I wish I had found this case[*] before the hearing:
http://www.austlii.edu.au/cgi-bin/viewdoc/au/cases/nsw/NSWCA/2016/334.html
"(2) The word “necessary” in s 99(3) carries its ordinary meaning of
“needed to be done” or “required” in the sense of “requisite” or
something “that cannot be dispensed with” and does not import any
qualification to this ordinary meaning."
It may not have changed the outcome, but at least then the Tribunal
would have had to address the fact that "necessary" can have a meaning
other than "reasonably appropriate and adapted." I have to wonder why
the Tribunal did not find that case for itself, and whether Service
NSW's lawyers knew about the case.
Mind you, I might still have lost based on the argument that I had
consented to Service NSW's terms and conditions which included consent
to their privacy policy.
Interestingly, they seem to have stopped requiring consent to the
privacy policy, since that is no longer present in their terms and
conditions. Perhaps they have quietly conceded my point that they're
meant to abide by the rules established by the legislation, and not make
up their own.
There is a current review of the Commonwealth Privacy Act, which also
uses the word "necessary" in an almost identical context.
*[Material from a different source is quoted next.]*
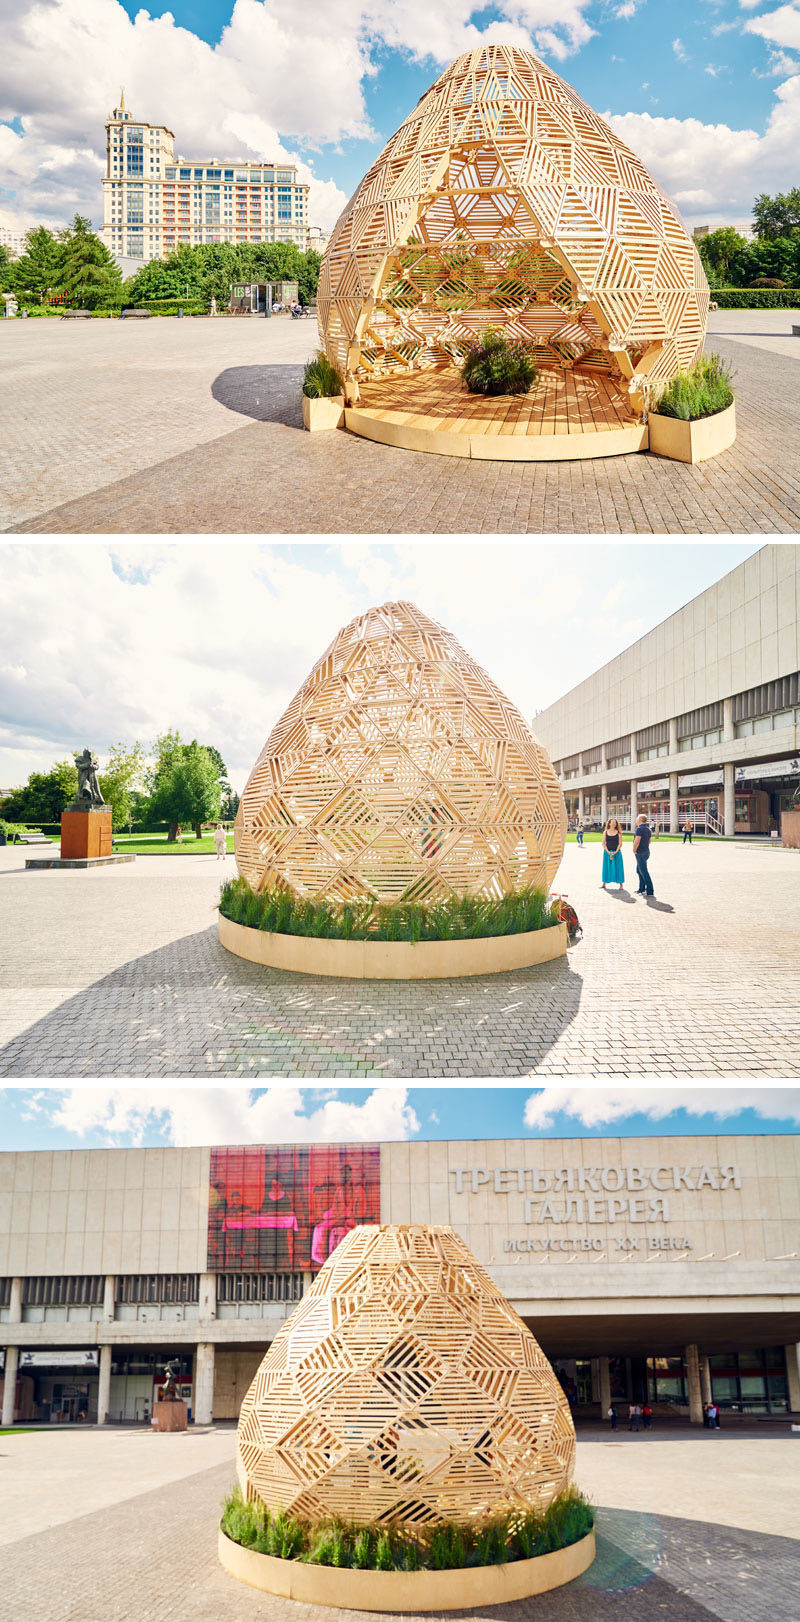 Russian designer Vlad Kissel, has created a modern wood pavilion in Moscow, Russia, that has a drop like shape that references early Slavonic aesthetics.

https://www.ag.gov.au/integrity/consultations/review-privacy-act-1988
I'll be making a submission about the need to define the word
"necessary" to make it clearer what level of protection the legislation
provides. That legislation also binds Service NSW.
Sylvia.
[*] BTW, Mr Robinson had two separate cases regarding false arrest on
different occasions. He's won one, and lost one.